Does anyone use it? I use the washout Port maybe every other mow or so. I put the mower on a patch of grass close the hose and let it run 5 min with water then 5 min to dry. There are always clumps of clippings that come out, but it doesn't get everything. It also appears to hurt that patch of grass it is on top of. Don't want to do it on the driveway though.

Any tips/tricks? Anyone think it's a waste of time?


----------



## g-man (Jun 15, 2017)

Marketing gimmick.


----------



## J_nick (Jan 28, 2017)

If it's hurting the grass raise the HOC above the grasses HOC before cleaning it out.


----------



## ericgautier (Apr 22, 2017)

I used it once and never again.


----------



## MasterMech (Sep 24, 2017)

monty said:


> Does anyone use it? I use the washout Port maybe every other mow or so. I put the mower on a patch of grass close the hose and let it run 5 min with water then 5 min to dry.
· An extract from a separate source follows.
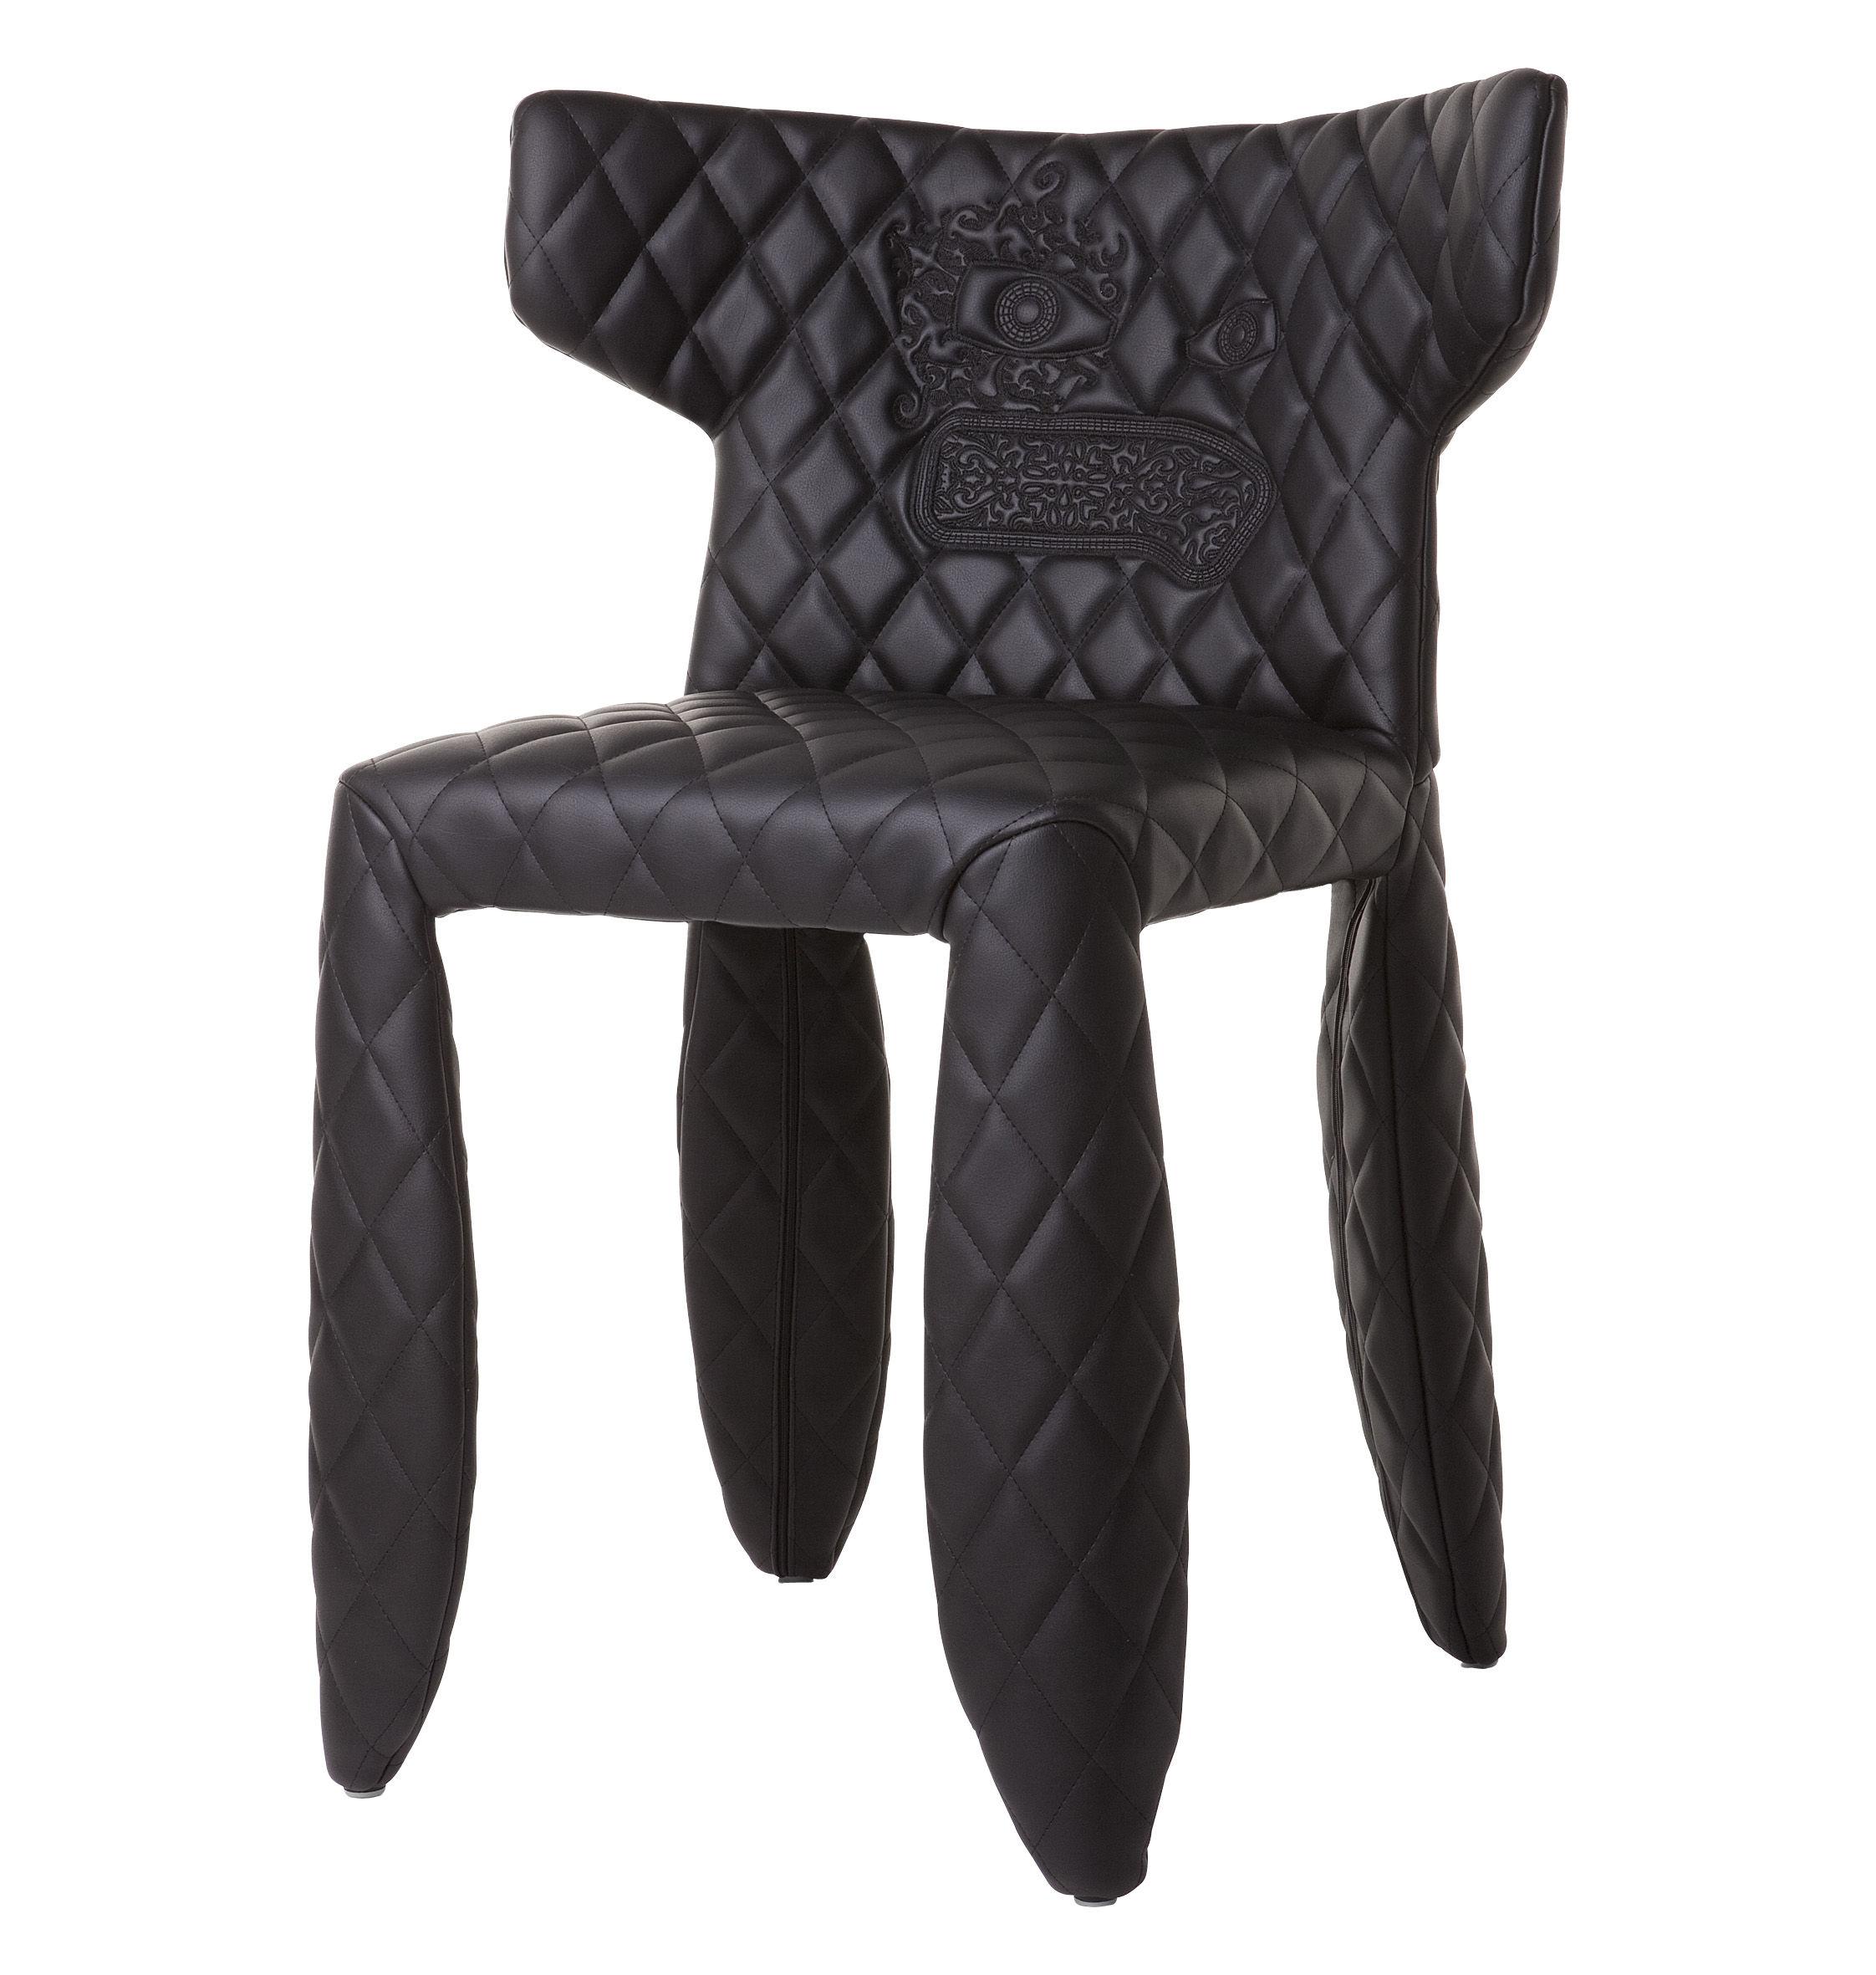 Möbel - Stühle  - Monster Gepolsterter Sessel Modell mit Stickerei - Moooi - Schwarz - bestickt - Cuir synthétique

There are always clumps of clippings that come out, but it doesn't get everything. It also appears to hurt that patch of grass it is on top of. Don't want to do it on the driveway though.
> 
> Any tips/tricks? Anyone think it's a waste of time?


On a 21" rotary, you can do a nicer job just flipping it on its side and hosing it off with a regular hose nozzle. Probably less damage to the grass too.

In the decades prior to the wash port era, we used to just periodically scrape underneath the deck with an old putty knife or even a screwdriver. Sweep up the mess and dispose of however you saw fit.


----------



## monty (Jul 25, 2017)

Cool thanks, guys. I'll stop wasting my time.


----------